In the case of all-MiniLM-L6-v2 we have reached a 1.2% improvement (not remarkable, but still an upgrade).

Where ft-Q shines: processed embeddings

However, embeddings are not always used in their normalized form. Sometimes, there are use cases where encoding requires the embedding to be processed (ex. in the case of covariate encoding). We can use the following theoretical diagram as a way to understand in which cases ft-Q can be better utilized:

the more the feature skew from a perfect normalisation, the more ft-Q is effective, image by Author

The vectors that are the result of an extra processing step are not necessarily normalized: we could normalize them again and only then apply quantization, but we can cast two birds with one stone by using ft-Q as a single operation (in addition to its small improvement even after a non-perfect normalization).

Conclusion

In conclusion, this article attempts to propose a more granular approach to quantization. Originally, the reason for developing this algorithm was to solve performance issues of processed embeddings, but after proper experimentation, it has proved useful even in a regular scenario.
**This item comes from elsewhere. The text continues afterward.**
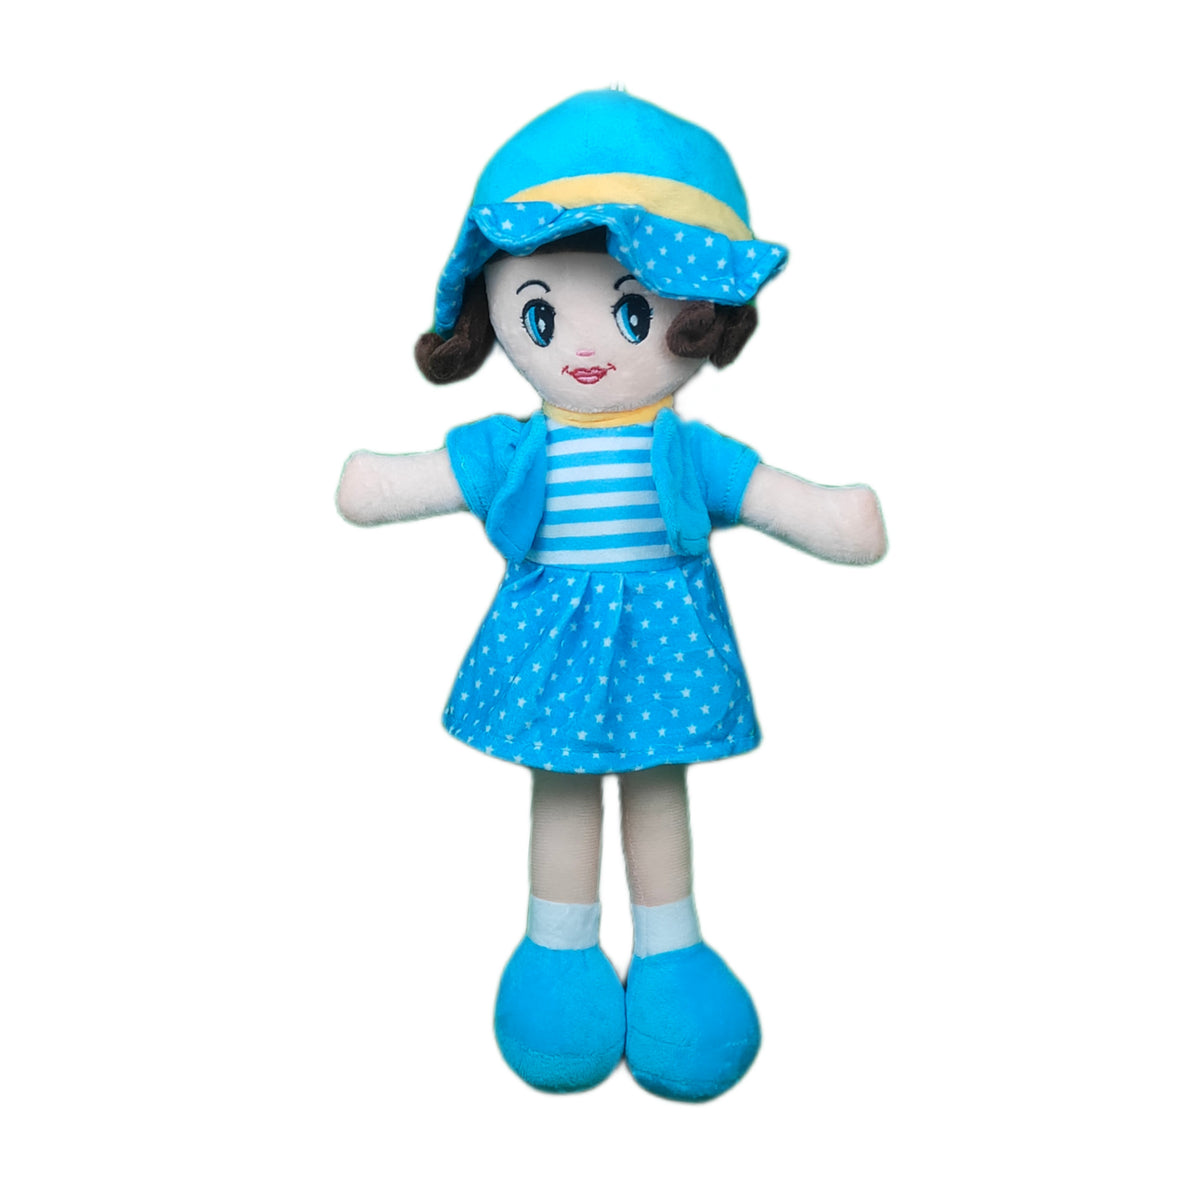 Play Hour Winky Rag Doll Plush Soft Toy Wearing Sky Dress for Ages 3 Years and Up, 40cm

After the popularization of LLM and more complex vector databases, memory management and performance improvements are becoming increasingly relevant in the space of information retrieval, hence it is our responsibility to familiarize ourselves with them and propose new and better solutions.

Time will tell if new and smarter data compression approaches will join the scene. For now, you can make the best use of this algorithm.


Introducing ft-Q: Improving Vector Compression with Feature-Level Quantization was originally published in Towards Data Science on Medium, where people are continuing the conversation by highlighting and responding to this story.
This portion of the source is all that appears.